Prosseguiu o caminho. Foi
andando até à margem de um rio muito largo, que devia atravessar. O barqueiro
perguntou-lhe qual era o seu ofício e o que sabia.
- Sei tudo, - respondeu outra vez.
- Então dize-me, por favor, - perguntou o barqueiro, - por
quê é que devo sempre ir e vir sem nunca ficar livre?
- Saberás quando eu voltar.
Depois de atravessar o rio,
encontrou o ingresso do inferno. Tudo lá dentro era negro e cheio de fuligem. O
Diabo não estava em casa, estava apenas sua avó, sentada numa grande poltrona.
- Que desejas? - perguntou-lhe. - E não tinha aparência de
má.
- Desejo os três cabelos de ouro do Diabo, - respondeu ele;
- se não os conseguir, não poderei conservar minha mulher.
- Pedes demasiado! - disse ela. - Se ao chegar, o Diabo te
encontrar aqui, ele te esfolara vivo. Mas como tenho pena de ti, verei se posso
ajudar-te.
Transformou-o numa formiga e
disse-lhe:
- Agora esconde-te nas dobras da minha saia, ai estarás
seguro.
- Muito bem, - exclamou o rapaz, - mas há também três coisas
que gostaria de saber: primeiro, porque é que secou um chafariz do qual
costumava jorrar vinho e agora nem mesmo água jorra; segundo, porque é que uma
macieira, que sempre dava maçãs de ouro, agora nem folhas mais dá; terceiro,
porque é que um barqueiro deve sempre ir e vir sem nunca se livrar.
- Essas são perguntas muito difíceis - respondeu a velha; -
mas fica quietinho e calado e presta bem atenção ao que diz o Diabo quando eu
lhe arrancar os cabelos de ouro.
Quando anoiteceu, o Diabo
voltou para casa. Mal entrou na porta, percebeu no ar algo que não era puro.
- Sinto cheiro, sinto cheiro de carne humana, - resmungou, -
há algo estranho aqui!
Revistou todos os cantos mas
não conseguiu encontrar nada. A avó então repreendeu-o:
- Agora mesmo acabei de varrer e arrumar a casa; e tu, mal
chegas, já te pões a fazer desordens; andas sempre com cheiro de carne humana
nas narinas! Vamos, senta-te e come o teu jantar!

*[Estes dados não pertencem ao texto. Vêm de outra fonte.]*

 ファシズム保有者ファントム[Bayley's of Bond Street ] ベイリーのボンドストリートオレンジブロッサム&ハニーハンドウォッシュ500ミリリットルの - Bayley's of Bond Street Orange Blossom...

Quando terminou de comer e
beber, o Diabo sentiu cansaço; reclinou a cabeça no regaço da avó, pedindo-lhe
que lhe fizesse cafuné. Não demorou muito e ferrou no sono, bufando e roncando
tranquilamente. Então a velha pegou um cabelo de ouro, arrancou-o e guardou-o
de lado.
- Ai! - gritou o diabo, - que é que estás fazendo?
- Ah, tive um pesadelo, - respondeu a avó, - e sem querer
agarrei e puxei teus cabelos.
- O que sonhaste? - perguntou o Diabo.
- Sonhei que um chafariz, do qual sempre jorrava vinho,
secou, e nem mais água jorra. Por quê será?

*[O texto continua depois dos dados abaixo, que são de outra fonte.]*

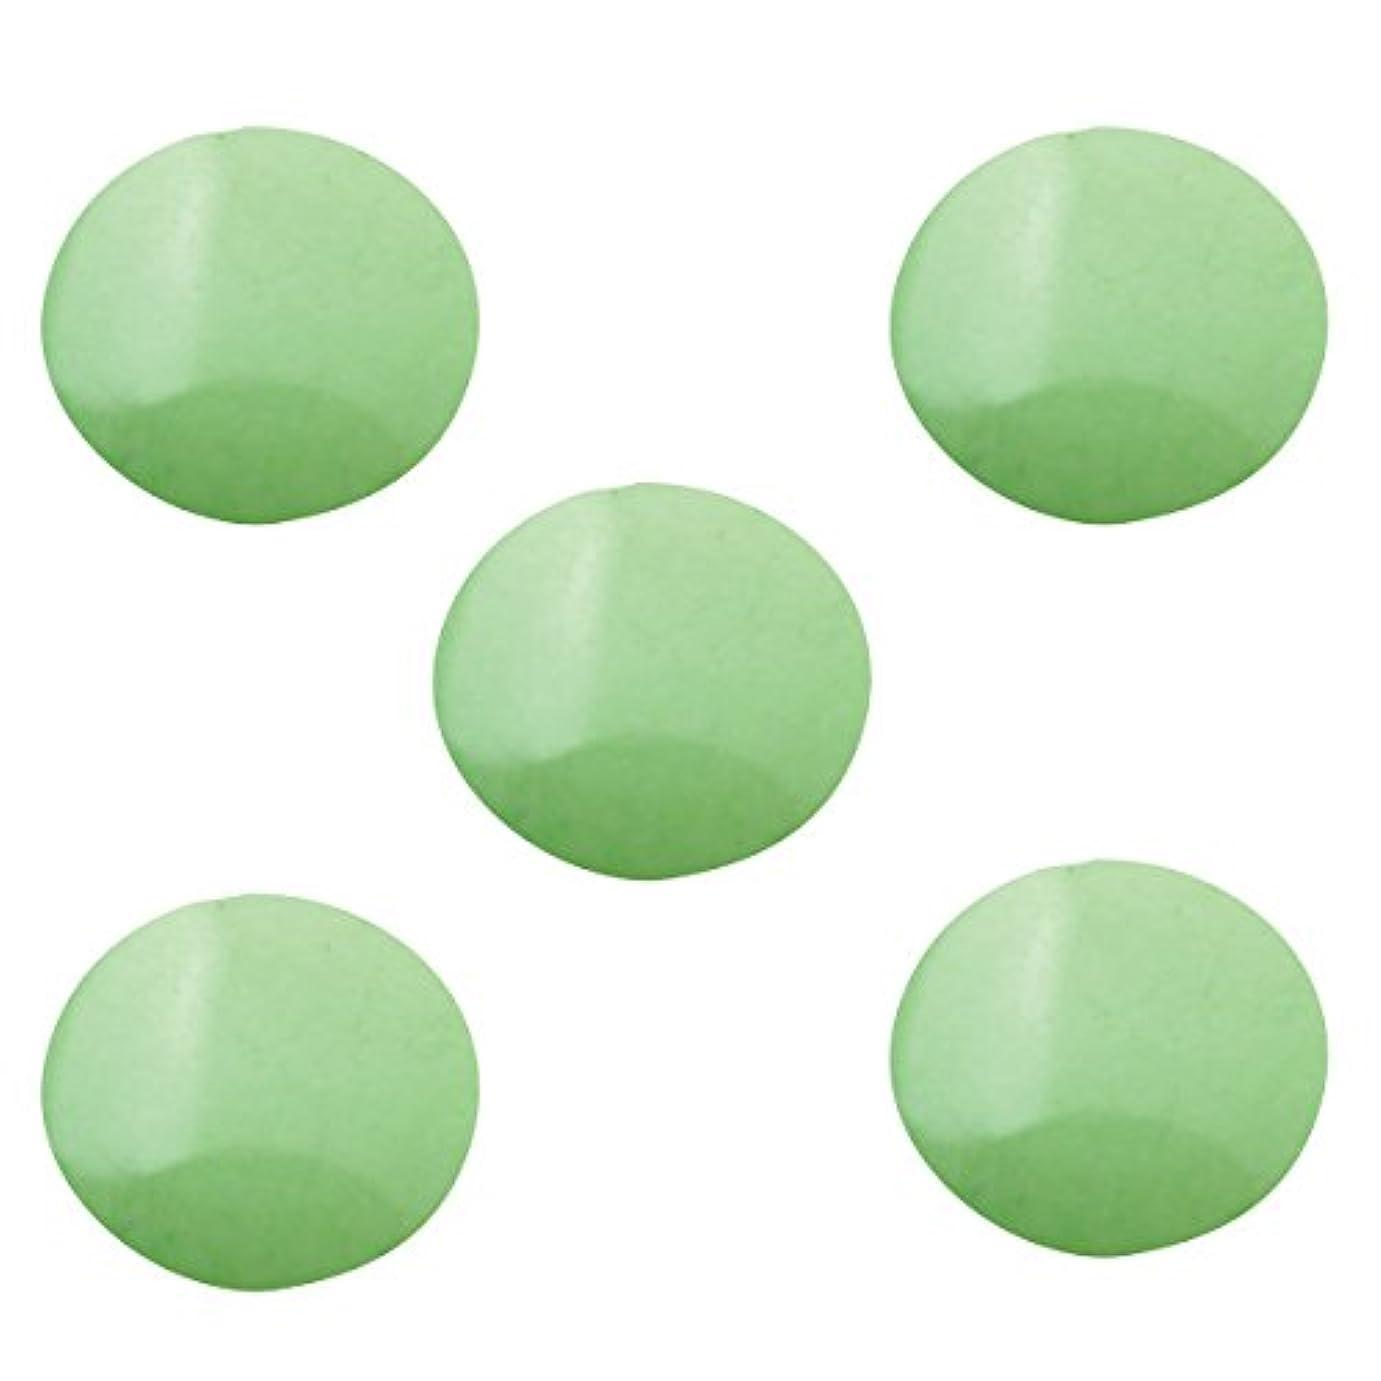 美的立ち向かう苗パステルスタッズ ラウンド 3mm (100個入り) グリーン

- Ah, se o soubessem! - disse o Diabo. Há no chafariz um
sapo, debaixo de uma pedra, se o matarem voltará a jorrar vinho.

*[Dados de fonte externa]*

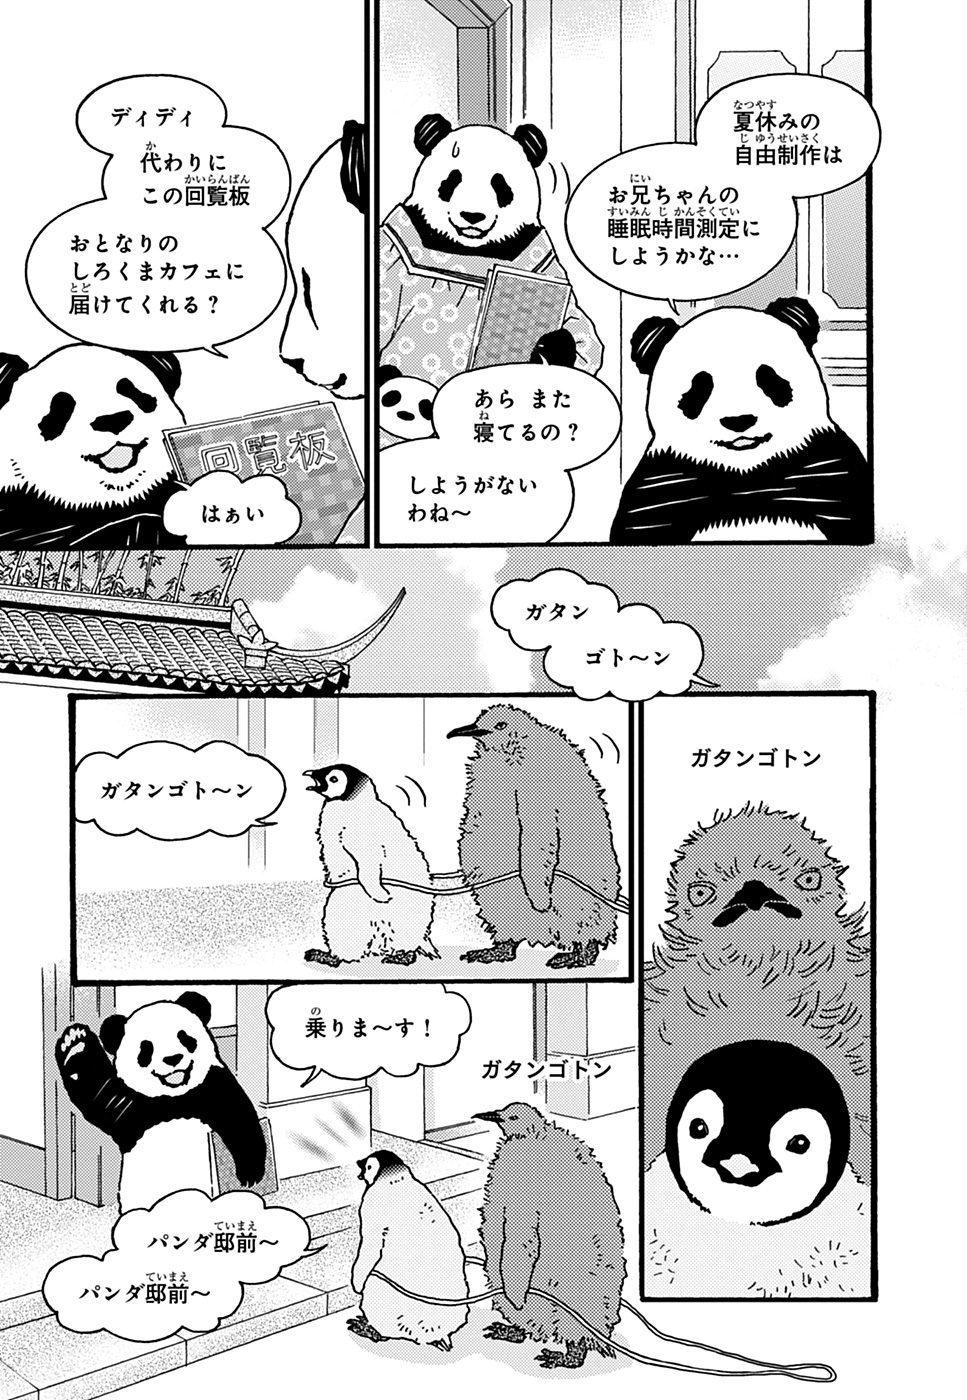 しろくまカフェ today's special 漫画試し読み3

A avó recomeçou a fazer-lhe
cafuné; ele adormeceu de novo, roncando de fazer estremecer os vidros. Ela
então, arrancou-lhe o segundo cabelo.
- Ui! - gritou zangado, - mas, que estás fazendo?
- Não te zangues, - respondeu ela, - fiz isto em
- E que sonhastes mais? - perguntou o Diabo.
- Sonhei que havia, num reino, uma árvore, a qual primeiro
dava maçãs de ouro e agora nem folhas dá mais. Por quê será?
- Oh, se o soubessem! - respondeu o Diabo. - Há um rato que
lhe está roendo a raiz; se o matarem, voltará a produzir maçãs de ouro, mas se
o rato continuar roendo-lhe a raiz, ela secará para sempre. Agora deixa-me em
paz com teus sonhos; se me interromperes o sono outra vez, levarás uma
bofetada.
A avó acalmou-o e voltou a
fazer-lhe cafuné, até que ele adormeceu e começou a roncar. Então, agarrou o
terceiro cabelo de ouro e arrancou-o. O diabo levantou-se de um pulo, gritando
que havia de lhe pagar, mas ela conseguiu acalmá-lo novamente e disse:
- Que culpa tenho de ter maus sonhos?
- Que é que sonhaste ainda? - perguntou, com certa
curiosidade o Diabo.
- Sonhei que um barqueiro queixava-se de ter sempre de ir e
vir, sem nunca se livrar. Por quê será?
- Ah, o tolo! - respondeu o Diabo; - quando alguém quiser
atravessar o rio, ele que lhe meta nas mãos o varejão, assim o outro ficará
sendo o barqueiro e ele estará livre.
Tendo arrancado os três
cabelos de ouro e obtido resposta para as três perguntas, a avó deixou o velho
Satanás dormir sossegado até à manhã do dia seguinte.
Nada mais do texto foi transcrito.